● Activity
Give the listing below again exactly, but without any of its pictures.

● Recorded data
——

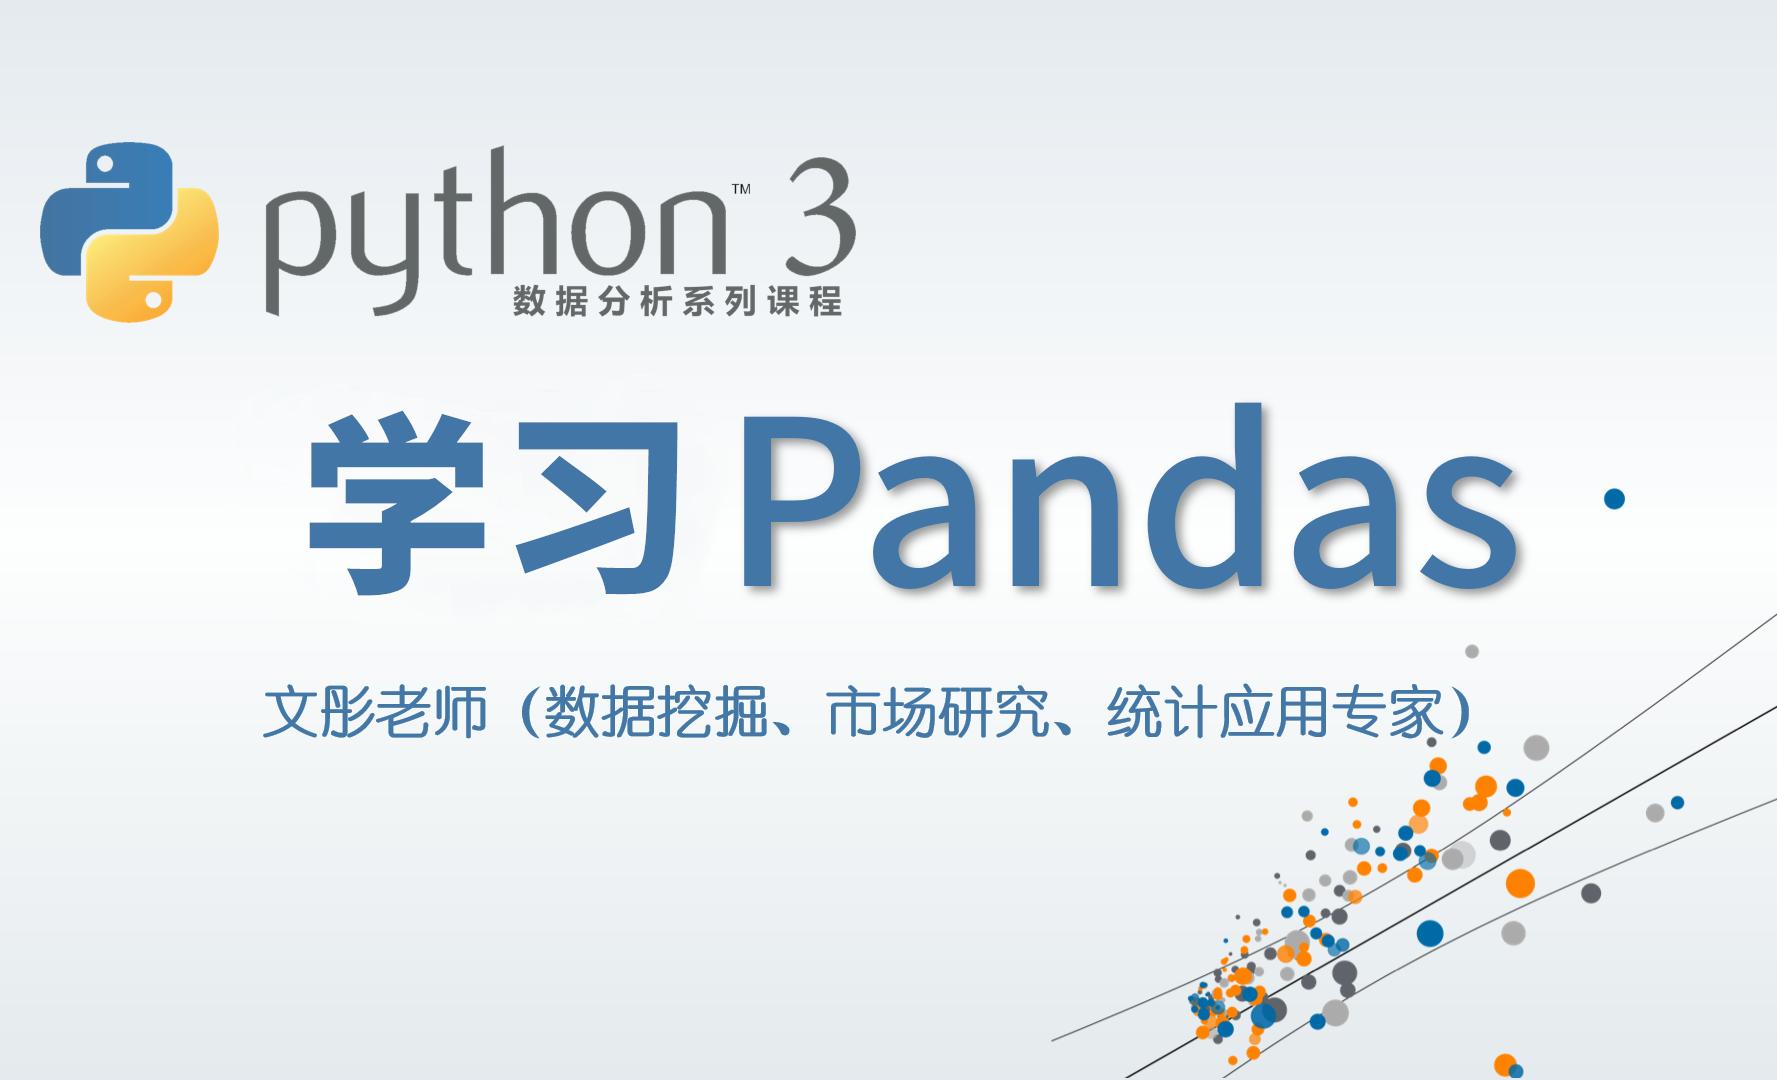 Python 3 数据分析与挖掘系列课程完整版
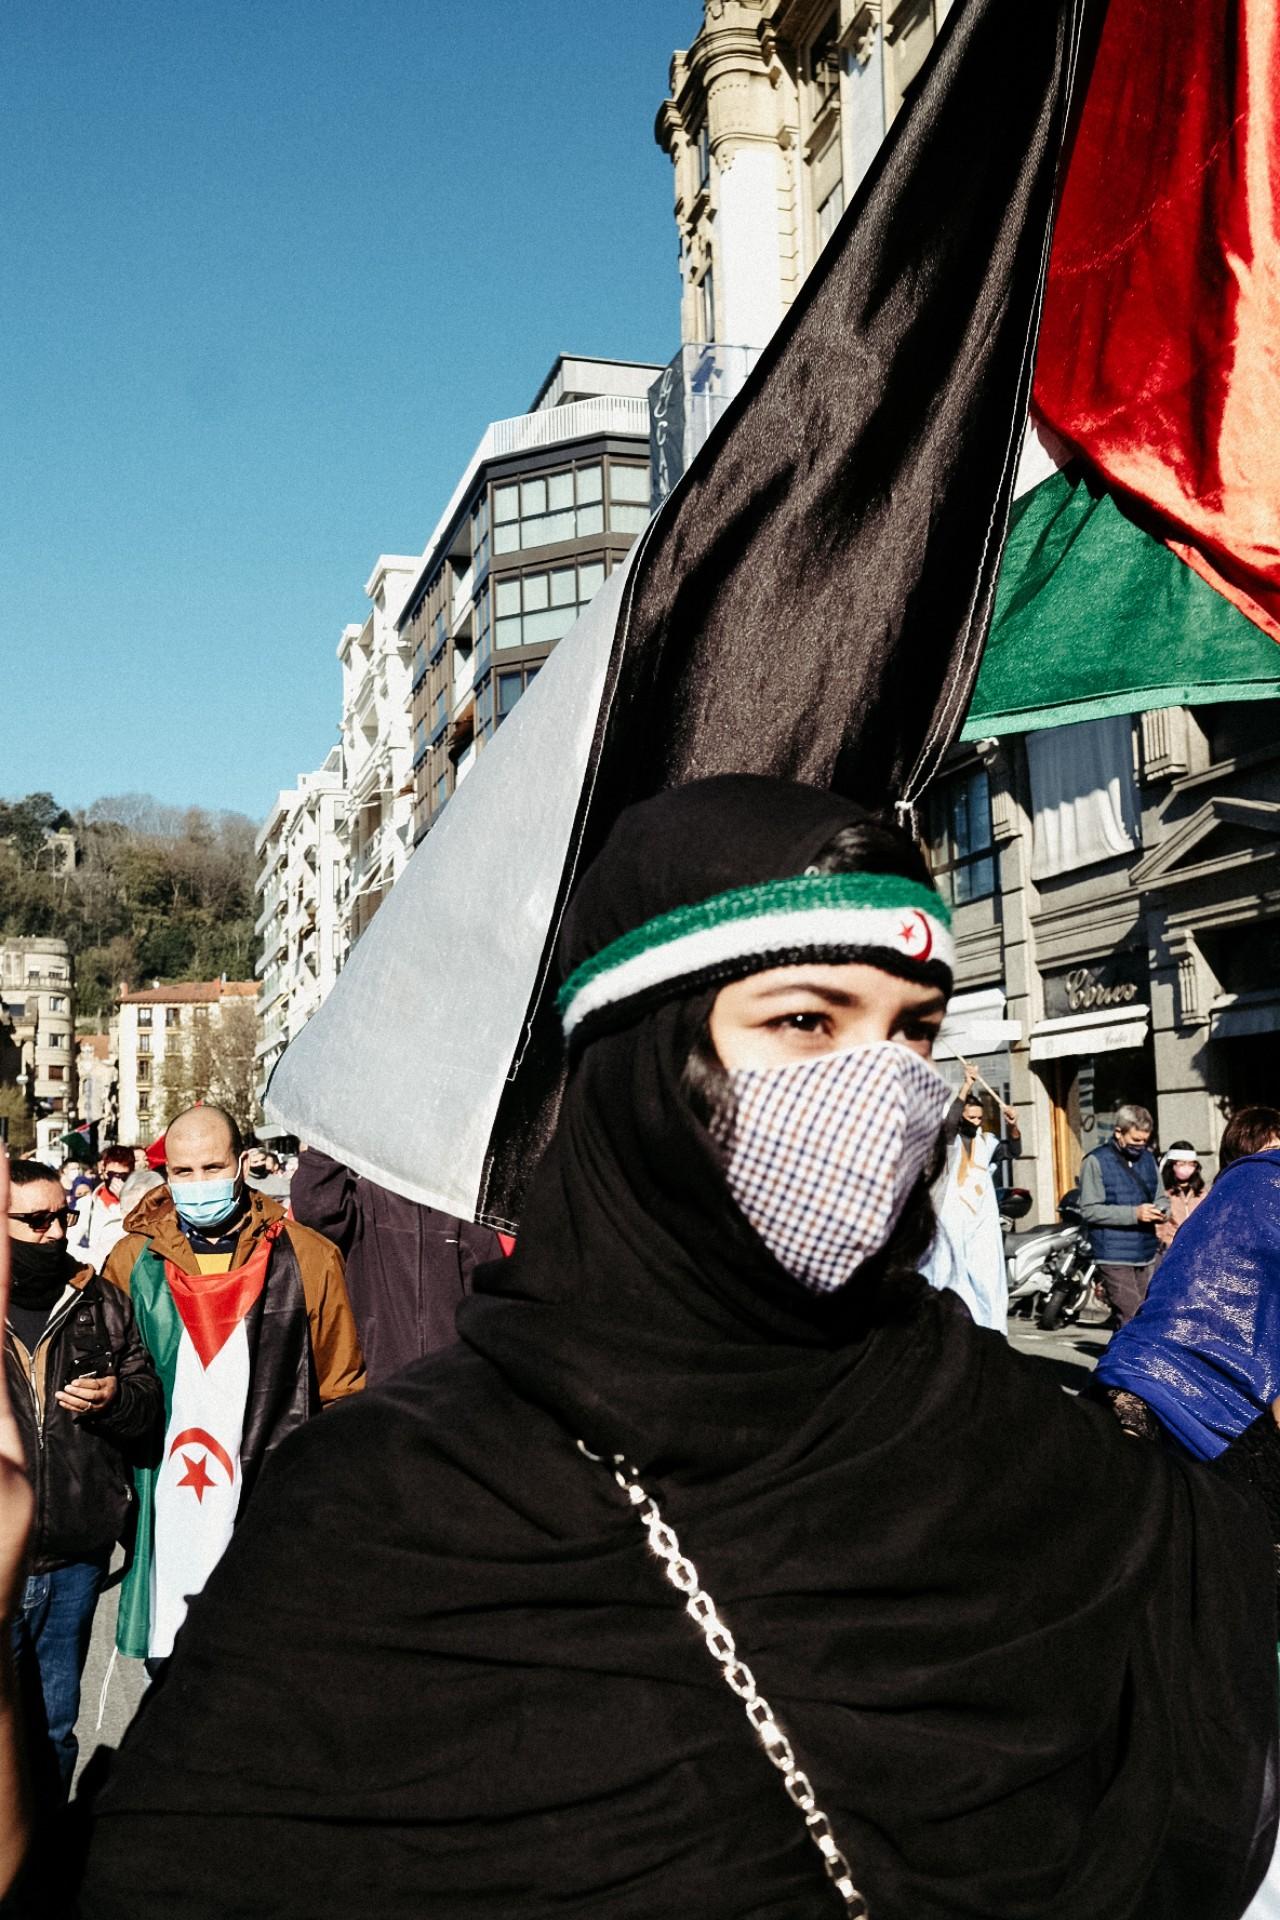 2020 1121 12180400 copy 1280x1920 - Donostia se manifiesta por una 'Sáhara libre'
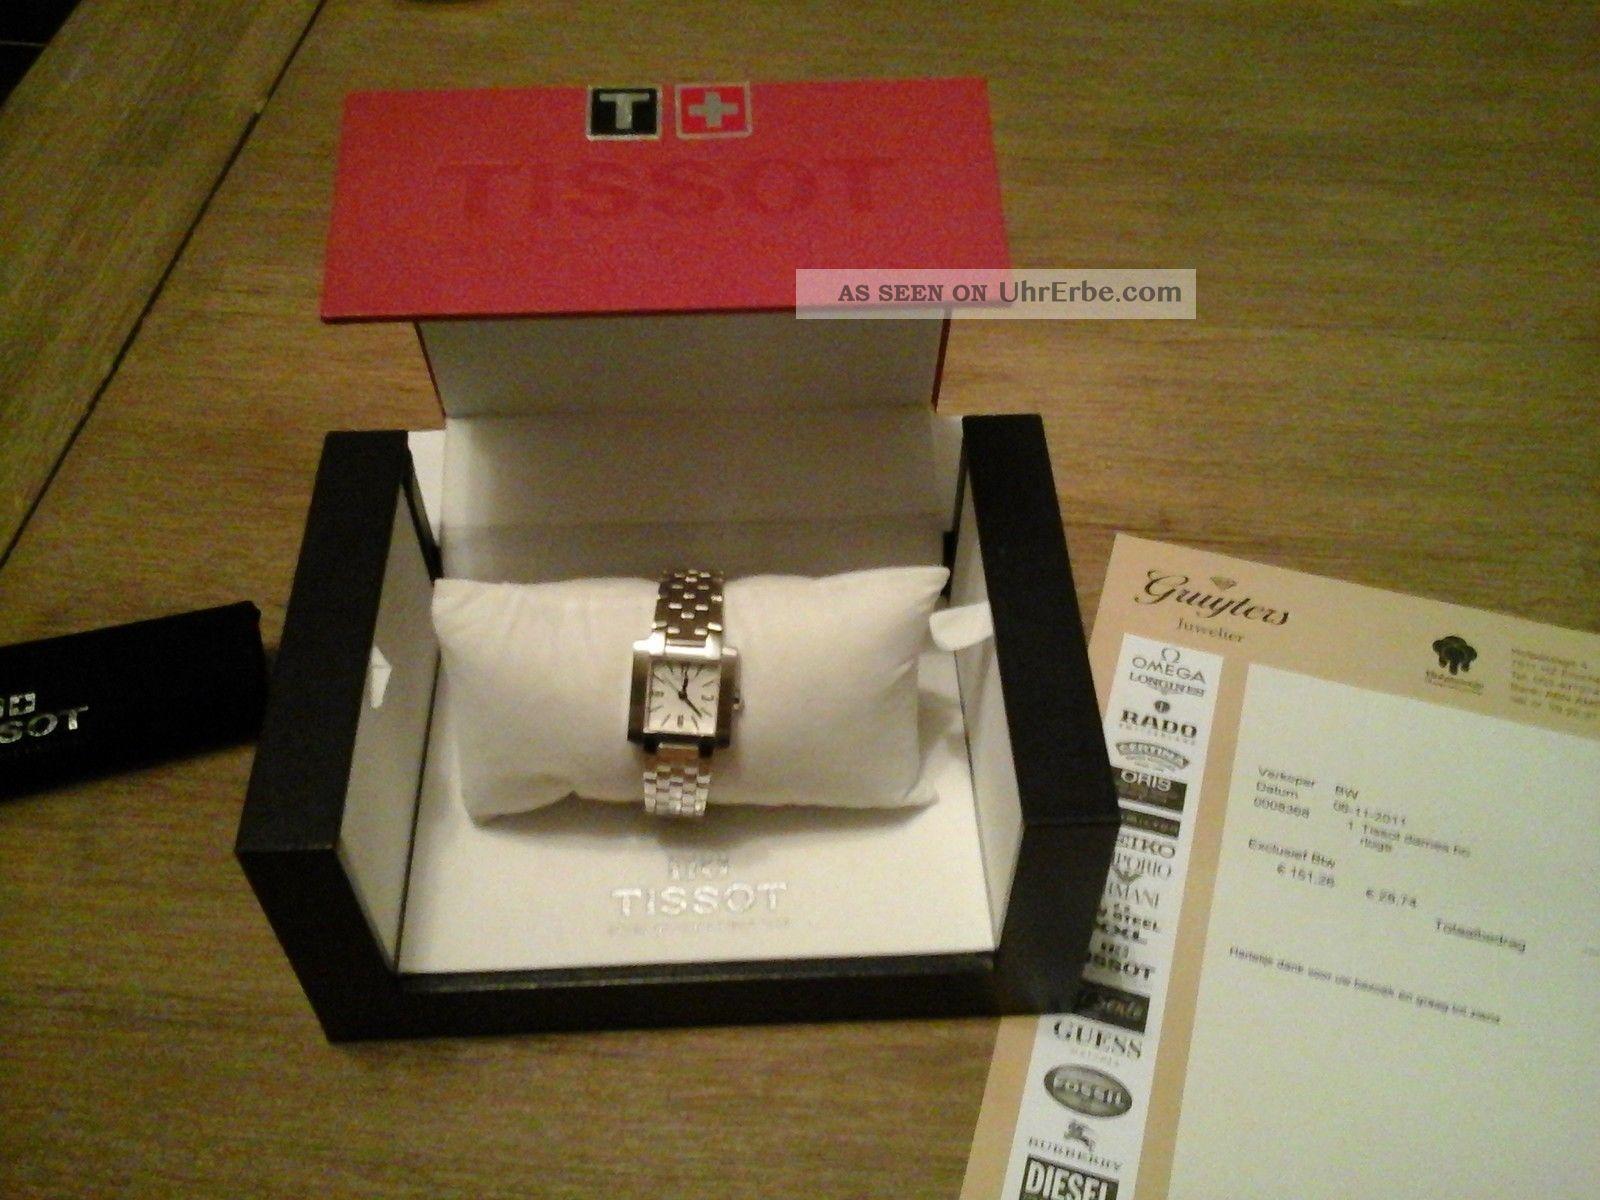 Tissot Damenuhr Armbanduhren Bild

——

● Answer to the problem
 Python 3 数据分析与挖掘系列课程完整版
 2020 1121 12180400 copy 1280x1920 - Donostia se manifiesta por una 'Sáhara libre'
 Tissot Damenuhr Armbanduhren Bild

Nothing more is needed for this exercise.